DATA SECTION Block Start

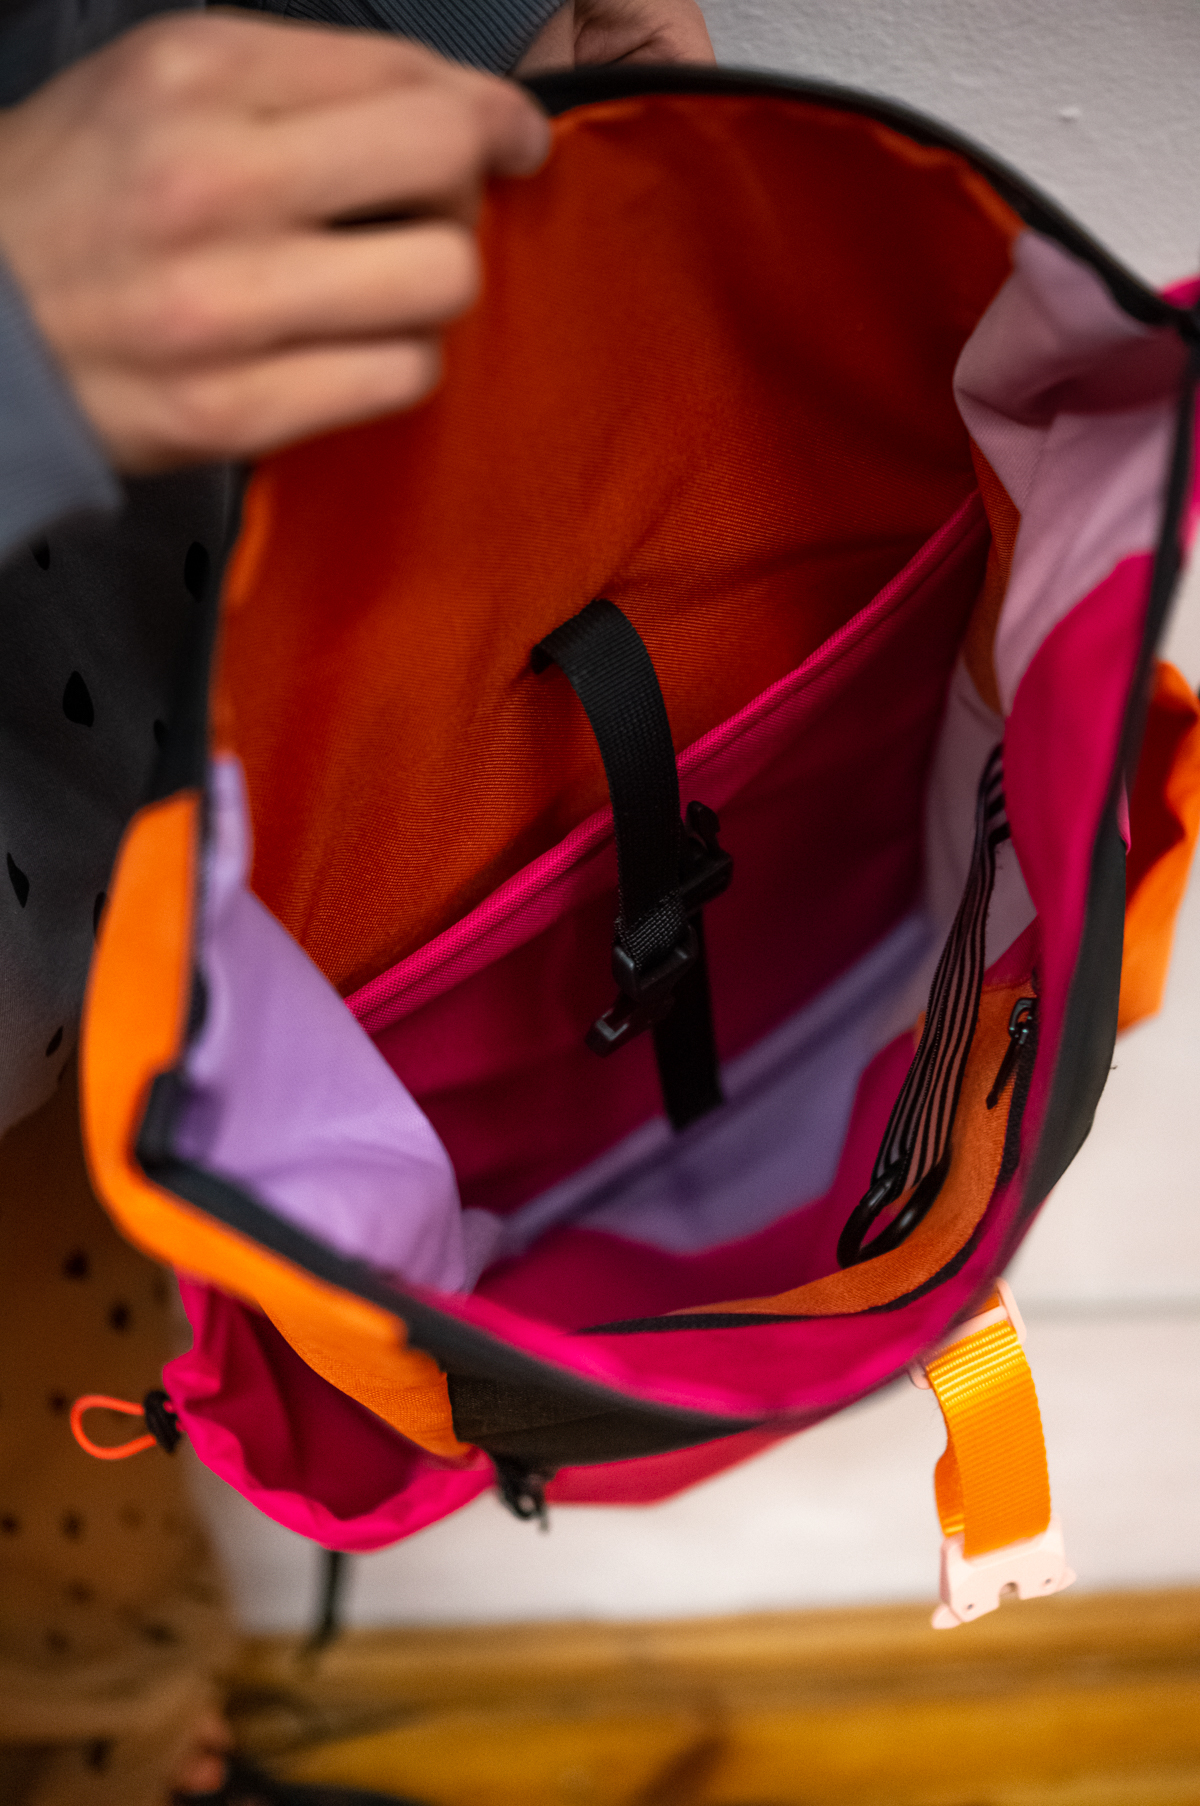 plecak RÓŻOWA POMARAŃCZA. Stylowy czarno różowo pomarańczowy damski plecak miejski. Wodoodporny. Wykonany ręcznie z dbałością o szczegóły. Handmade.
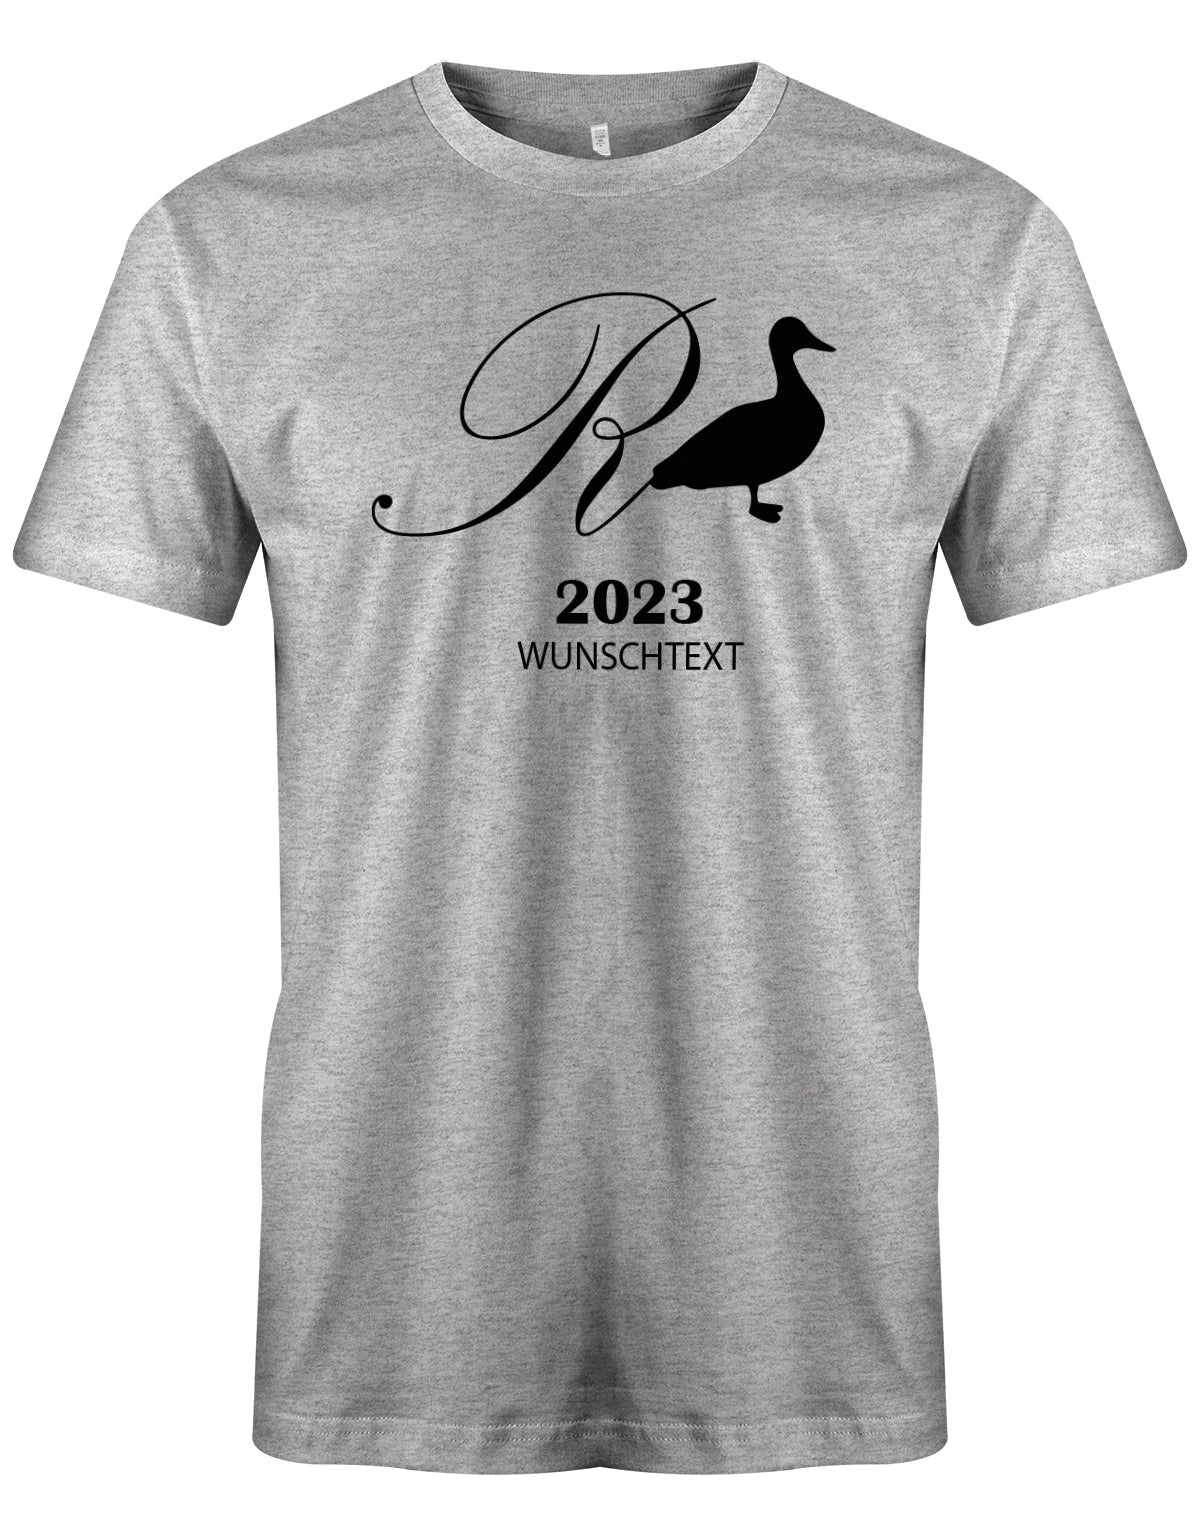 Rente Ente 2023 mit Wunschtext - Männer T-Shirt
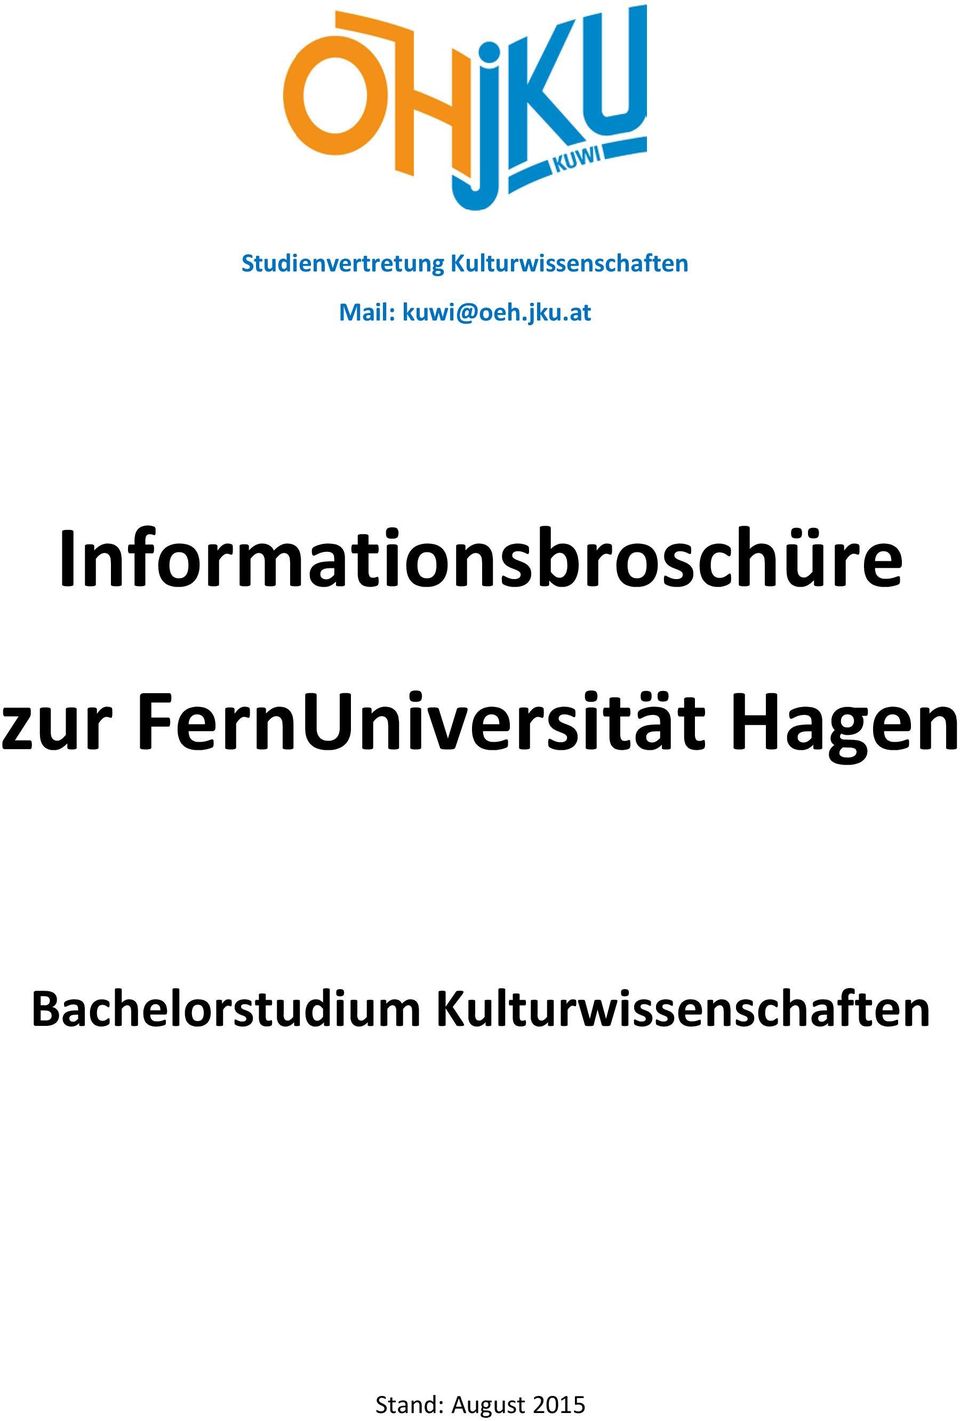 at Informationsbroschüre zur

DATA SECTION Block End

**PROBLEM**
Omit each picture, then return all of the listing exactly as it stands.

**RESPONSE AREA**
 plecak RÓŻOWA POMARAŃCZA. Stylowy czarno różowo pomarańczowy damski plecak miejski. Wodoodporny. Wykonany ręcznie z dbałością o szczegóły. Handmade.
 Rente Ente 2023 mit Wunschtext - Männer T-Shirt
 at Informationsbroschüre zur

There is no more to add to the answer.